Собственно, я не из тех, кому для полного счастья достаточно одного-единственного человека - или безмерности. Укромность четырех стен мне скоро приедается, равно как и небеса. Я только тогда искрюсь, когда все мои грани выставлены на обозрение многим. Нет их - и я весь в дырьях, как жженая бумага. Ох, миссис Моффат, миссис Моффат, я говорю, придите, выметите все это. Много чего миновалось. Я пережил иные свои желанья; я растерял друзей, одних из-за смерти - Персивала, других исключительно из-за лени: взять и перейти улицу. И не так уж я талантлив, как одно время казалось. Кое-что выше моего понимания. Мне никогда не постигнуть трудных проблем философии. Рим - предел моих паломничеств. Иной раз ночью, на краю сна, меня вдруг больно кольнет мысль, что никогда не увижу, как дикари на Таити бьют рыбу острогой при полыхании факелов, как прыгает в джунглях лев или голый человек пожирает сырое мясо. И никогда я не выучу русский, и Веды я никогда не прочту. Никогда уже, никогда я с разгона не врежусь в столб. (Хоть до сих пор еще несколько звезд, восхитительных звезд, осыпаются в мою ночь от того удара.) Но теперь зато, полагаю, истина подошла ближе. Сколько лет я самодовольно ворковал: "Мои дети... моя жена...мой дом... моя собака". Отворив своим ключом входную дверь, исполнив привычный чин встречи, я кутался в этот теплый чехол. Теперь прелестная пелена спала. Увольте, никакие мне не нужны владенья. (Кстати: итальянская прачка в телесной утонченности ничуть не уступит дочери английского герцога.)

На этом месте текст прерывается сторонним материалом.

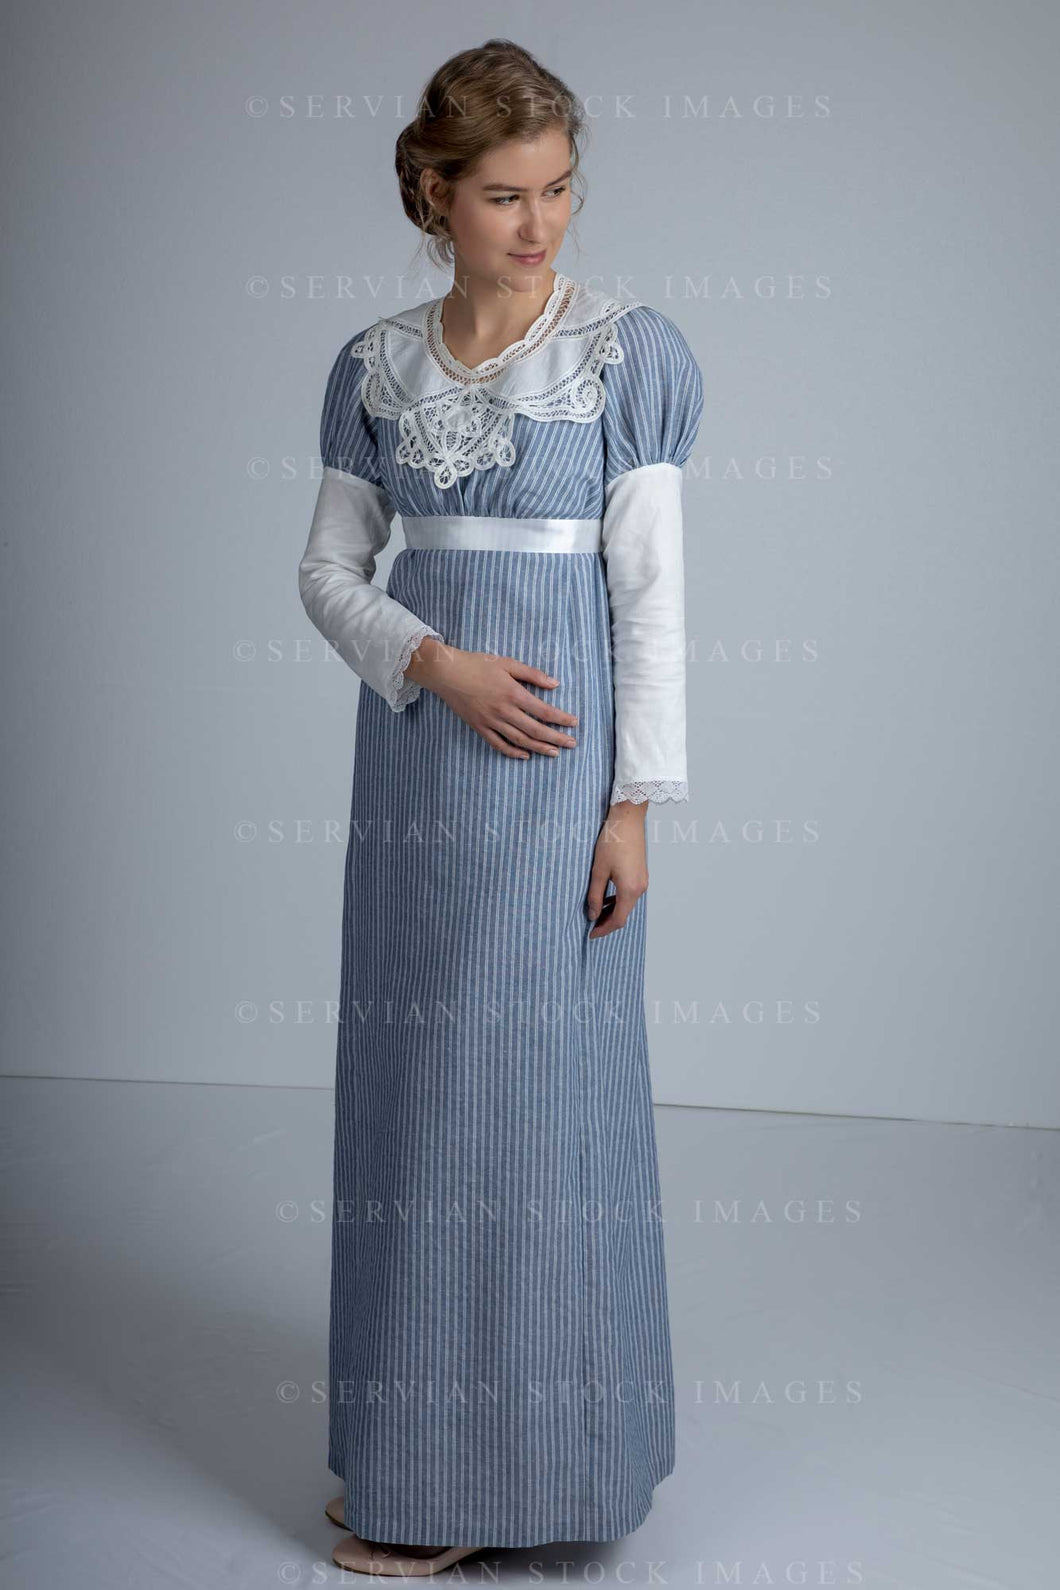 Regency woman in a striped cotton dress with a lace collar (Amalia 0619)

Нет, это надо еще додумать. Капля падает; достигнута новая фаза. Одна фаза следует за другой. Но почему этим фазам положен предел? И куда они ведут? К какому концу? А ведь являются в пышных уборах... Такую душевную смуту верующий вверяет носителям лиловых сутан и чувственности, какие сейчас проплывают мимо меня. Но мы-то с вами не жалуем учителей. Положим, некто встанет и скажет: "Смотрите - вот она, истина", и сразу же я замечу какую-то побочную мелочь, скажем, рыжий кот под шумок стибрил кусочек рыбы. - А кота вы и не заметили, я скажу. Так Невил в школе, в сумрачной церкви, бесился, помню, при виде распятия доктора Крейна. Ну а я - меня вечно все отвлекает, будь то кот, будь пчела, жужжавшая над букетом, который леди Хэмден так истово прижимала к носу, - я мгновенно сочиняю историю и сглаживаю у этого распятия углы. Я сочинил уже тысячи разных историй; несчетные записные книжки набил фразами на тот случай, когда нападу на истинную историю, ту историю, где кстати придутся все мои фразы. Но пока еще я на нее не напал. Вот я и спрашиваю: да есть ли они, истории?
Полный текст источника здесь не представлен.